29 April 2026, 22:08

Gifhorns Polizei startet Sicherheitsoffensive für ältere Radfahrer und E-Scooter-Fahrer

Motorradrennen mit Fahrern mit Helmen und Text unten.

Gifhorns Polizei startet Sicherheitsoffensive für ältere Radfahrer und E-Scooter-Fahrer

Polizeiinspektion Gifhorn startet Verkehrssicherheitskampagne für ältere Radfahrer und E-Scooter-Nutzer

Die Aktion ist Teil des Safe.Mobile.Life-Aktionstags und folgt auf besorgniserregende Unfallzahlen aus dem Jahr 2025, die eine hohe Anzahl von Vorfällen mit Radfahrern über 55 Jahren im Landkreis zeigen. Die Behörden konzentrieren sich darauf, das Bewusstsein zu schärfen und Risiken für besonders gefährdete Verkehrsteilnehmer zu verringern.

Auslöser der Kampagne waren Verkehrsunfalldaten, die belegen, dass Radfahrer ab 55 Jahren häufiger in Unfälle verwickelt sind als andere Altersgruppen. Auch die zunehmende Verbreitung von E-Bikes (Pedelecs) unter Senioren könnte eine Rolle bei der steigenden Unfallzahl spielen.

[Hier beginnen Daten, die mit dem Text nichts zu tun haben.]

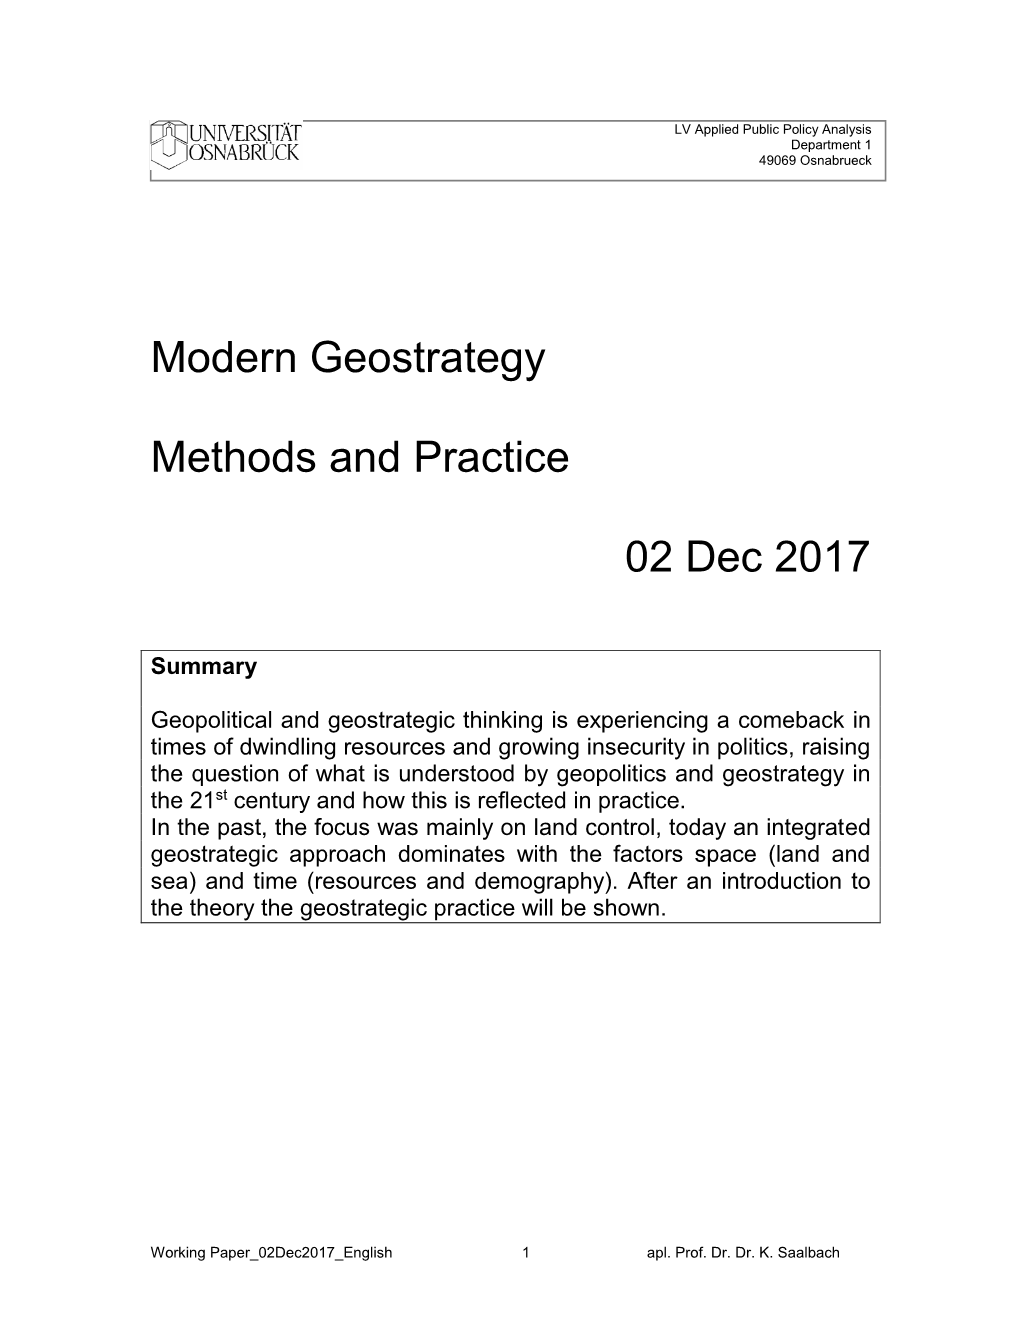 Modern Geostrategy Methods and Practice 02 Dec 2017
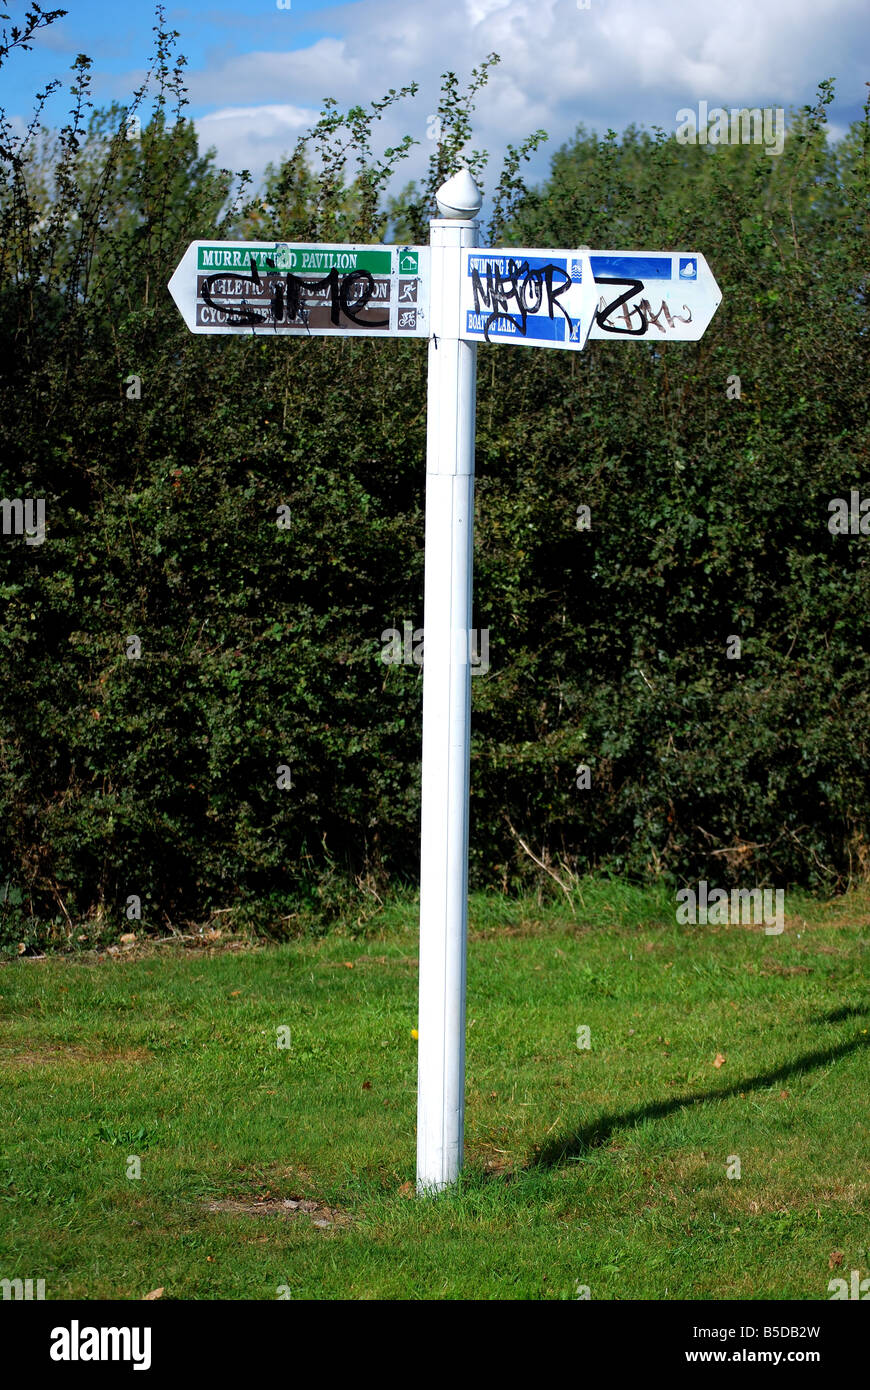 sign post graffitied Stock Photo

An der Aktion beteiligten sich über 40 Polizeibeamte, die fast 100 Radfahrer und mehr als 50 E-Scooter-Nutzer kontrollierten. Sie gaben praktische Sicherheitstipps, erklärten rechtliche Vorschriften und betonten die Bedeutung des Helmragtens. Besonders ältere Radfahrer wurden dazu aufgefordert, Helme zu tragen, um das Risiko schwerer Verletzungen zu minimieren.

Thema des Aktionstags waren zudem sicheres Verhalten im Straßenverkehr, Aufmerksamkeit und vorausschauendes Fahren. E-Scooter-Nutzer erhielten Hinweise zu korrektem Verhalten und den geltenden Verkehrsregeln. Die Veranstalter hofften, dass die Gespräche zu mehr gegenseitigem Respekt unter allen Verkehrsteilnehmern beitragen würden.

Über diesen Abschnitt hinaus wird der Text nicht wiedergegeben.